Для понимания стиля мышления Ильина, следует учитывать, что он не считал создание философской системы истинным призванием философа. Ильин исповедовал принцип открытости мысли реальным проблемам бытия и был глубоко чужд рационалистическому стремлению ограничить философский поиск рамками отвлеченной теоретичности. «Сначала — быть, потом — действовать и лишь затем из осуществленного бытия и из ответственного, а может быть, и опасного, и даже мучительного делания — философствовать», — такова жизненно-практическая установка мыслительной активности Ильина. Ильин полагал, что русская философия призвана отказаться от рабского подражания западной отвлеченности мысли, обратиться к глубинам православно-национального духовного опыта, практическим задачам отечественной культуры и способствовать осознанию самобытных начал русской жизни.

Столь живое и конкретное понимание задач философии вело Ильина по пути познания духовно очевидных первоначал человеческого бытия, лежащих в основе как личного, так и национально-культурного существования. Человек, по Ильину, есть личный дух, проявляющий себя как сила личного самоутверждения, верного восприятия человеком своей «самосути» в ее предстоянии Богу и в ее достоинстве. «Дух есть дар свободы, данный человеку в зачатке от самой природы; в то же время он есть живая сила самоосвобождения и в заключительной стадии (вероятно- посмертной) — полнота личной свободы, — подчеркивал мыслитель. И далее он в высшей мере конкретно и жизненно определял дух, как потребность священного, как радость истинной иерархии, как дар молитвы, как силу поющего сердца, как жилище совести, как месторождение художественного искусства, как источник правосознания. Истинного патриотизма и национализма, как главную основу здоровой государственности и великой культуры [11] .

В отличие от дохристианской, по ее интуициям, и довольно рационалистической метафизики всеединства, стремящейся непосредственно слить человеческую и Божественную личность, персоналистическая философия Ильина подчеркивает безусловную ценность духовной автономии лица. Эта автономия необходима и для истинного приобщения к церковной традиции, ибо, как указывает Ильин, истинное приобщение может состояться только тогда, когда человек оказывается способен духовно узнать и принять Откровение «свободным огнилищем своего сердца», сокровенной глубиной личной самости. К Богу человеческое существо ведут сокровенные огни личной жизни по пути свободы, понятой не как абсолютная независимость от всего, но как возрастающая независимость от зла и пошлости.
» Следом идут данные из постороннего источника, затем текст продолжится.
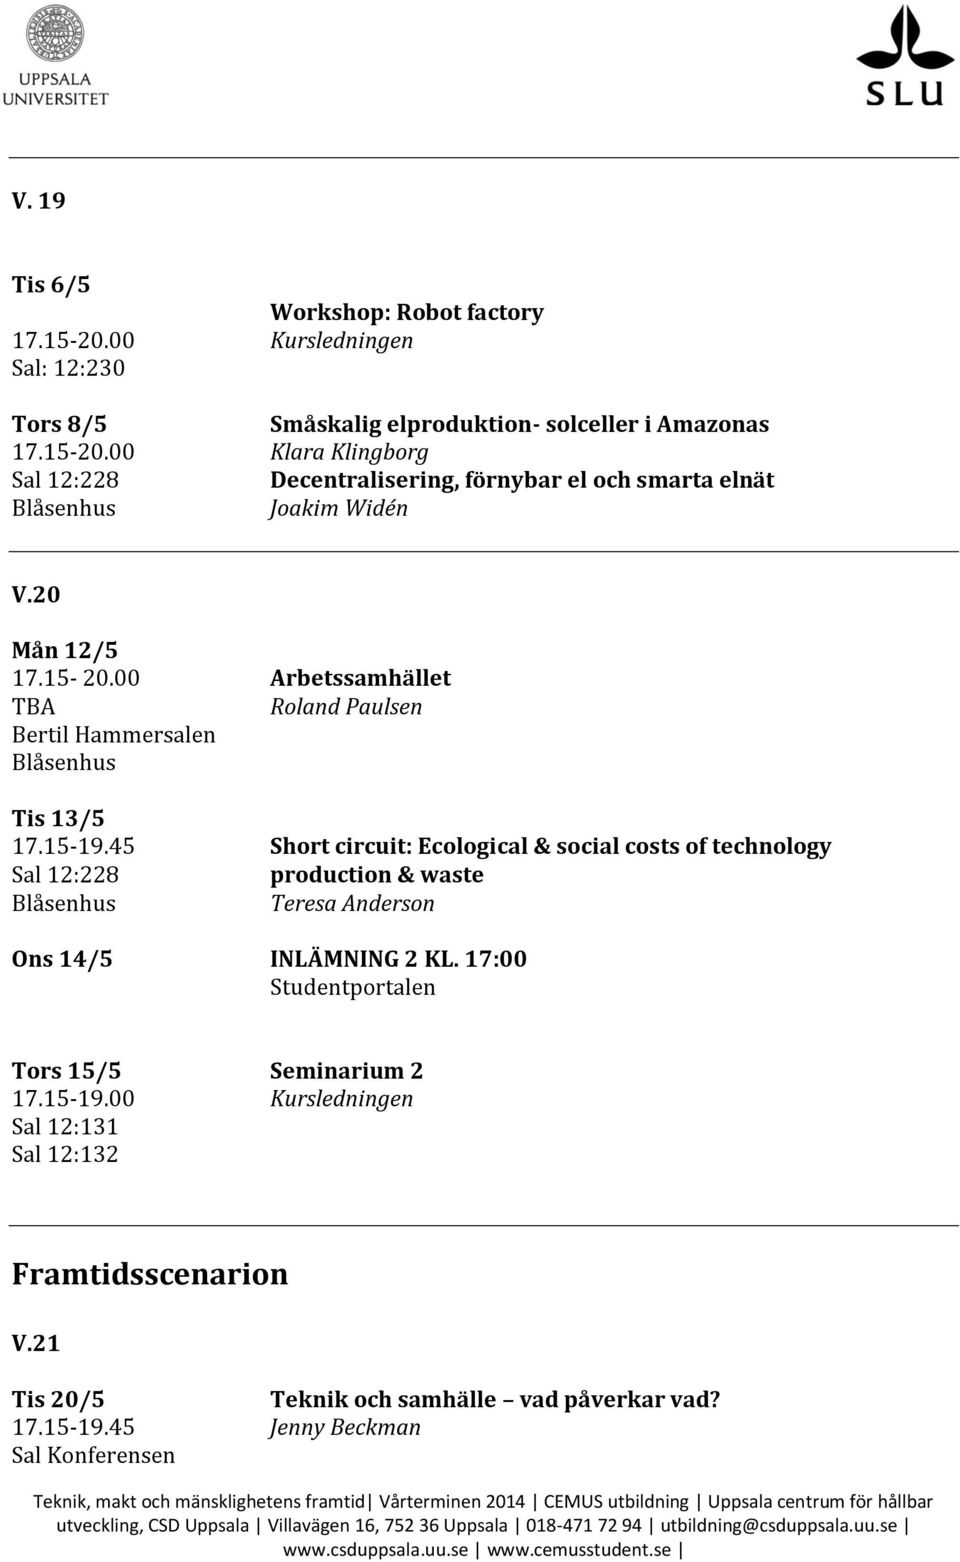 45 Short circuit: Ecological & social costs of technology Sal 12:228 production & waste Blåsenhus Teresa Anderson Ons 14/5 INLÄMNING 2 KL. 17:00 Studentportalen Tors 15/5 Seminarium 2 17.15-19.
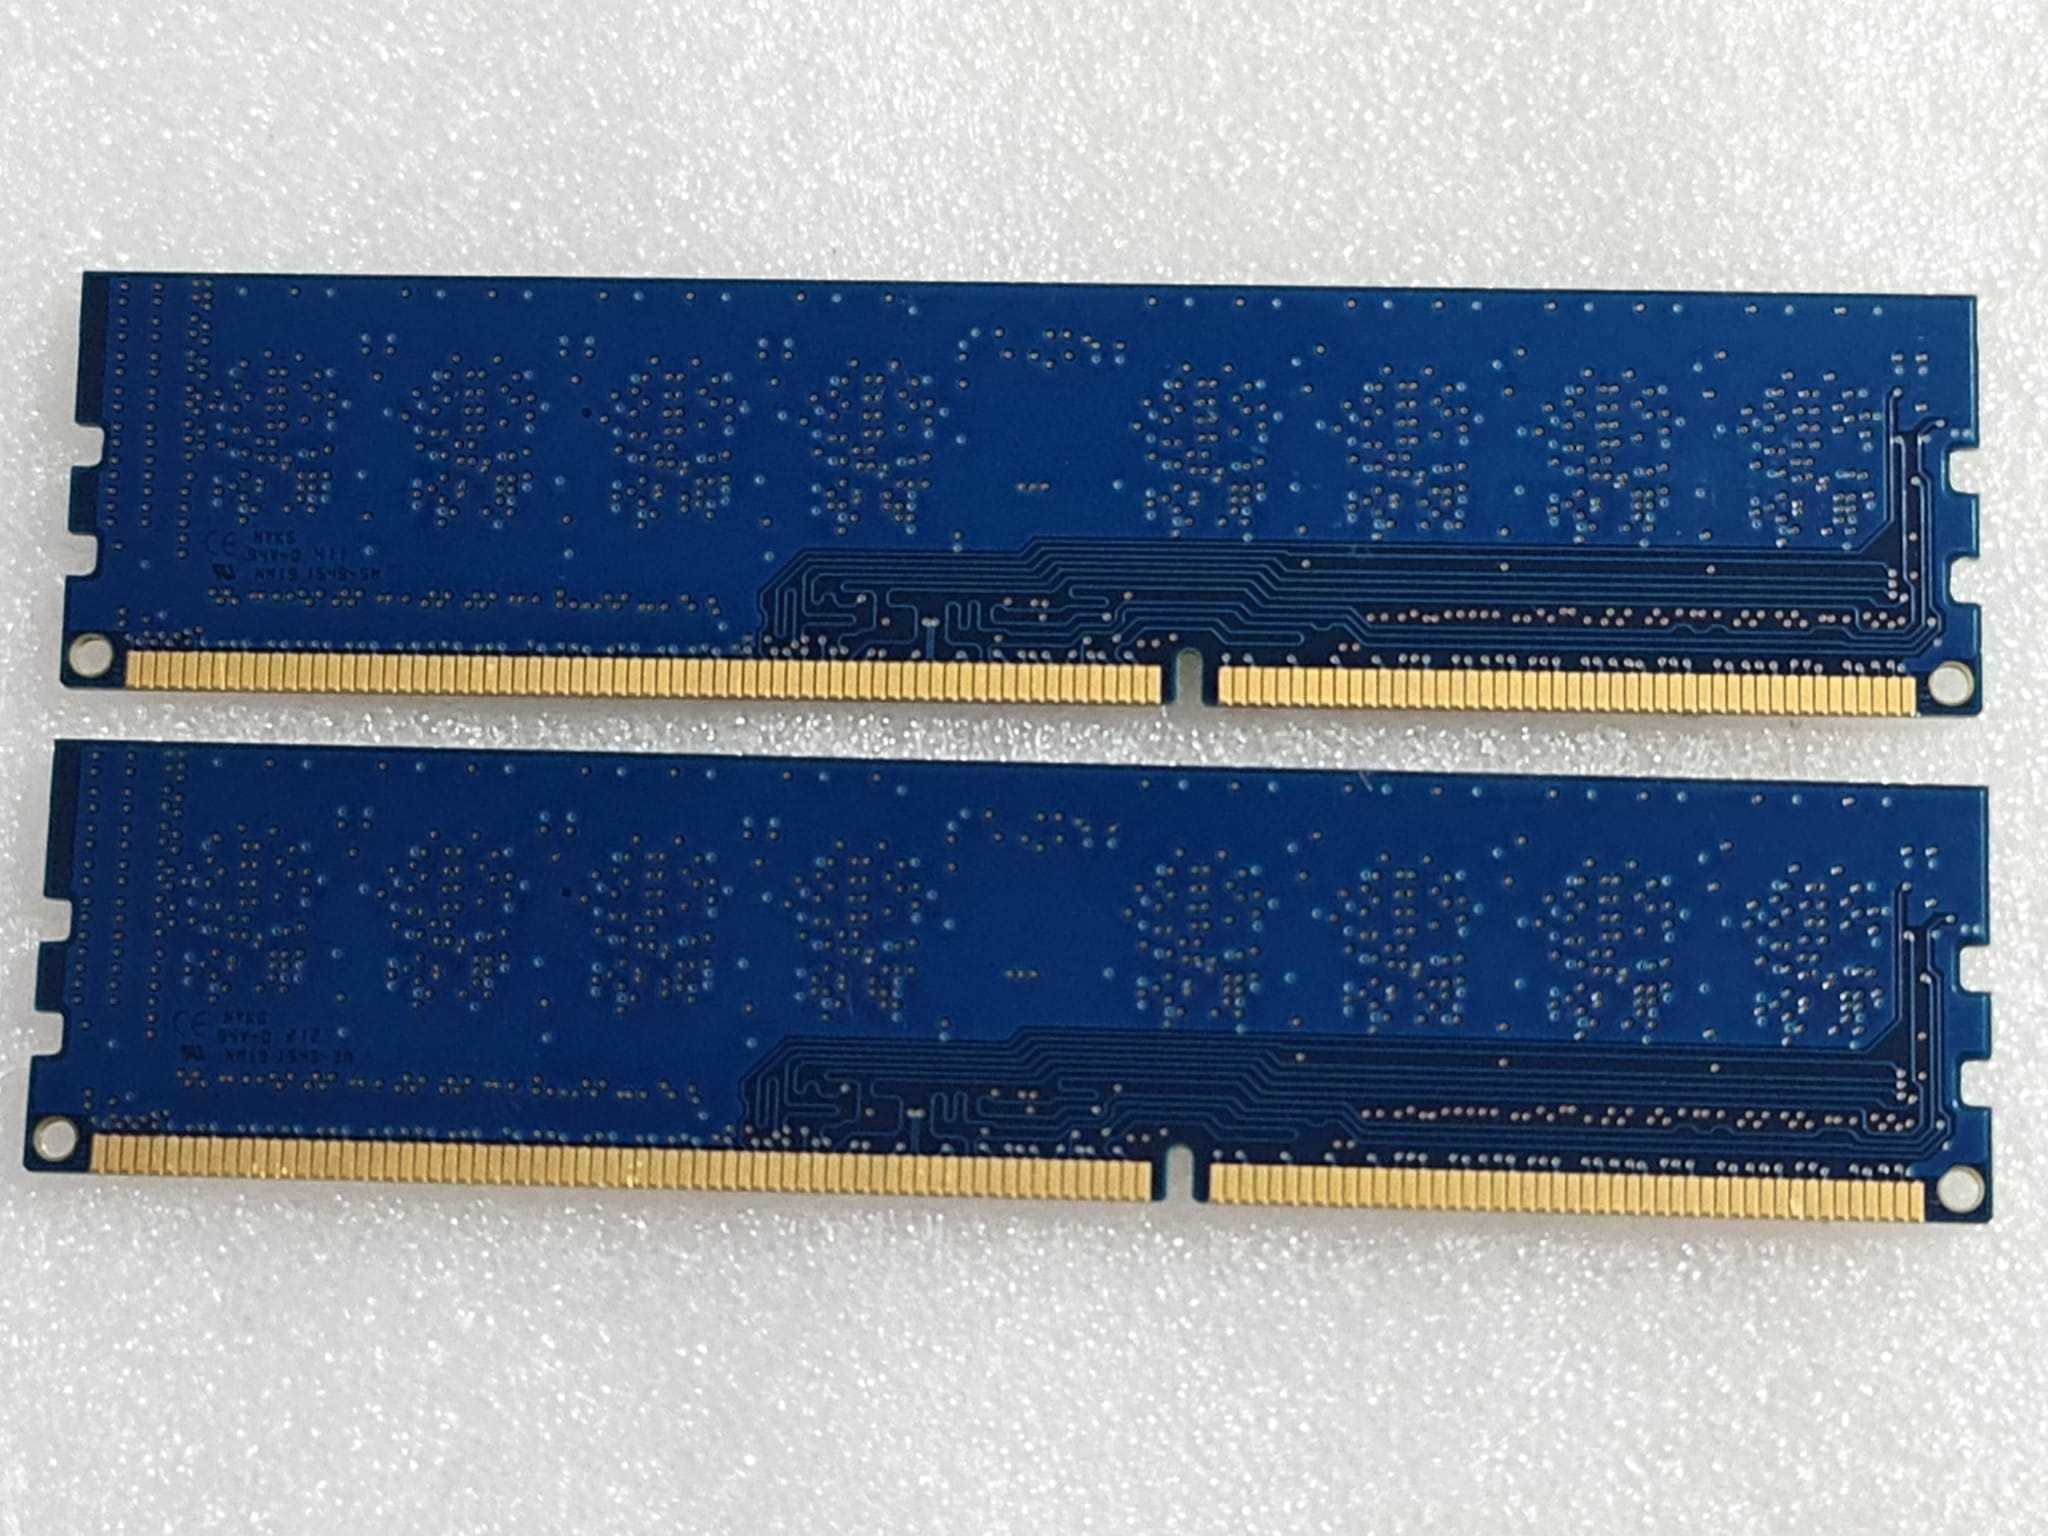 Memorie RAM desktop Kingston KVR16N11S8H/4, 4GB, 1600MHz, CL11, DDR3

В отношениях с Богом, как Духом и Личностью, человек не только не утрачивает свою внутреннюю автономность, но все более глубоко осознает себя нетелесной творческой энергией со своими особенными ценностями и целями, с особыми критериями, с высшими жизненными формами и законами, как законами духовной самостоятельности, свободы и самоосвобождения, достоинства, ответственности, совершенствования, очищения, богосыновства, любви, свободы, бессмертия. «Человек, живущий этим опытом, привыкает с полным и удостоверенным основанием почитать себя личной, — единственной в своем роде и в своеобразии своем неповторимой «искрой» Божией и утверждать себя в этом достоинстве. Он знает призвание этой «искры» — духовно преобразить все свое существо, так, чтобы цельно и художественно осуществить Божию идею.., составляющую живую основу ее бытия. Стать художественным произведением Господа — дано, по-видимому, лишь очень немногим; но самое призвание к этому осмысливает для каждого из нас всю нашу жизнь и оправдывает ясновидящее слово Преп. Серафима Саровского: «Господь заботится о каждом из нас так, как если бы он у Него был единственным» [12] .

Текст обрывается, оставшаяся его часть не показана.